Hacker News new | ask | show | jobs
by brentjanderson 925 days ago
OP here: It’s true that all services have downtime for one reason or another. We discussed taking an outage window, but one thing that we kept coming back to was how we might trial run the upgrade with production data. Having a replica on PG 15 that was up to date with production data was invaluable for verifying our workloads worked as expected. Using a live replica makes it possible to trial run in production with minimal impact.

A key learning for me from this migration was how nice it can be to track and mitigate all of the risks you can think of for a project like this. The risk of an in-place upgrade in the end seemed higher than the risks associated with the route we chose, outage windows notwithstanding.

As a bonus, if we need this approach in the future, this blog post should give us a head start, saving us many weeks of work. We hope it helps other teams in similar situations do the same.

1 comments

> We discussed taking an outage window, but one thing that we kept coming back to was how we might trial run the upgrade with production data

1. You snapshot your RDS database (or use one of the existing ones I hope you have)

2. You restore that snapshot into a database running in parallel without live traffic.

3. You run the test upgrade there and check how long it takes.

4. You destroy the test database and announce a maintenance window for the same duration the test took + buffer.

I agree it's a good project to exercise some "migration" muscle, it just doesn't seem like the payoff is there when, like I mentioned above, AWS supports this out of the box from now on since you upgraded to a version compatible with their zero downtime native approach.

I think the only way this makes sense is if you do it for the blog post and use that to hire and for marketing, signaling your engineering practices and that you care about reliability.

By the way, I realize how I come across, and let me tell you I say this having myself done projects like this where looking back I think we did them more because they were cool than because they made sense. Live and learn.

We actually did those steps as part of our overall assessment, and you're right that we could have taken an outage window for that long and called it a day. We decided the tradeoff wasn't worth it for our situation, but taking the outage window is definitely a viable option.

I'm sympathetic to your comment that 15 minutes of planned downtime is fine for approximately 100% of SaaS companies.
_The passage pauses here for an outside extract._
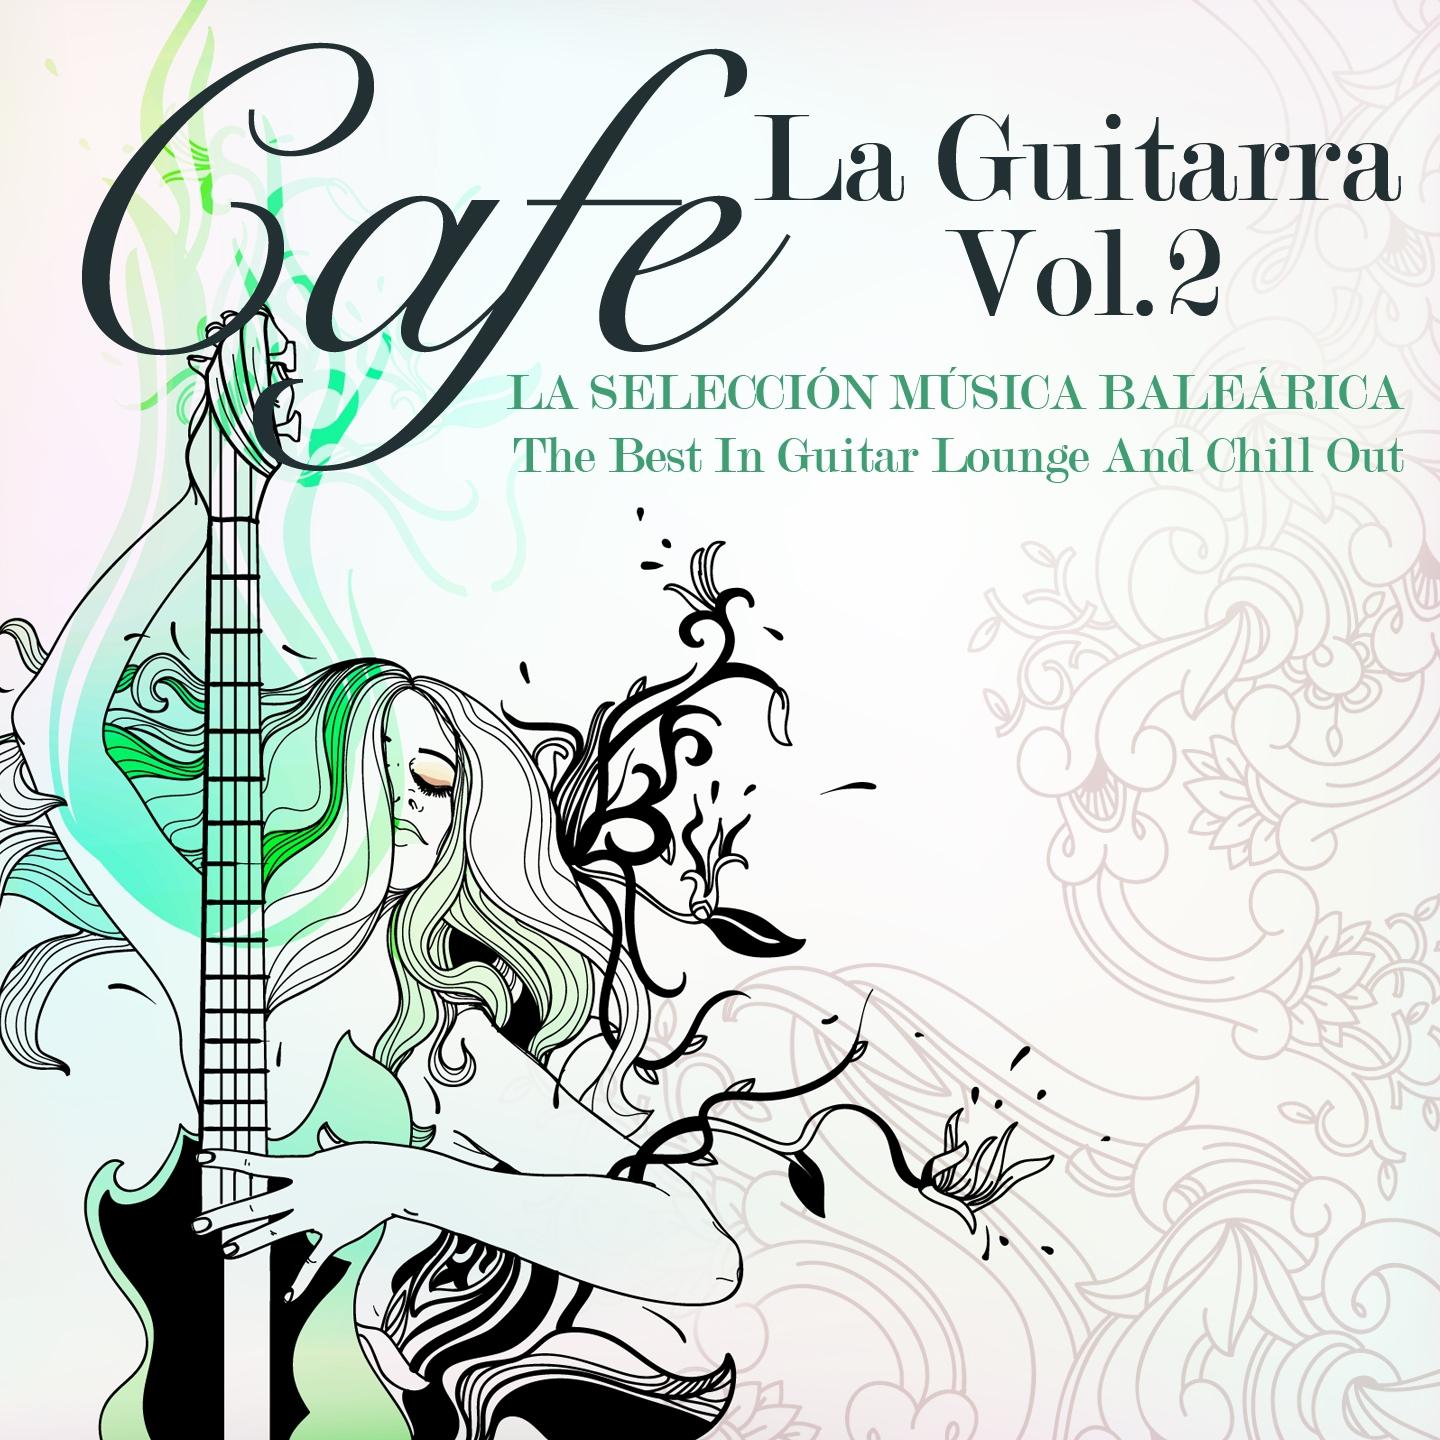 Cafe La Guitarra, Vol. 2 La Seleccio n Mu sica Balea rica, The Best in Guitar Lounge and Chill Out

That's probably true here too, and maybe the work of doing this kind of upgrade was a waste in that regard. But, in considering the kind of product experience we would want for ourselves, zero downtime seems better than no downtime. The opportunity cost of feature work over the same window is real, but so is the reputation we hope to build as a platform that "just works" even if it seems crazy the lengths we might go to so that our customers don't have to think about it.

> The opportunity cost of feature work over the same window is real, but so is the reputation we hope to build as a platform that "just works" even if it seems crazy the lengths we might go to so that our customers don't have to think about it

This part can definitely make sense, and if nothing else it can foster an engineering culture of "we care", which is great. I just wanted to show the other side but from your answers it seems like the team weighted the options. It's definitely a cool project to work on. Thanks a lot for engaging with a random grumpy guy on HN!

Random comment, but just wanted to say I really appreciate your blog post, but also I appreciate the informative and helpful discussion between you and vasco here. Feel like this could have easily devolved into defensiveness on either side, but instead I learned a lot from both of your responses - I feel like these kinds of interations are HN at its best. Thanks!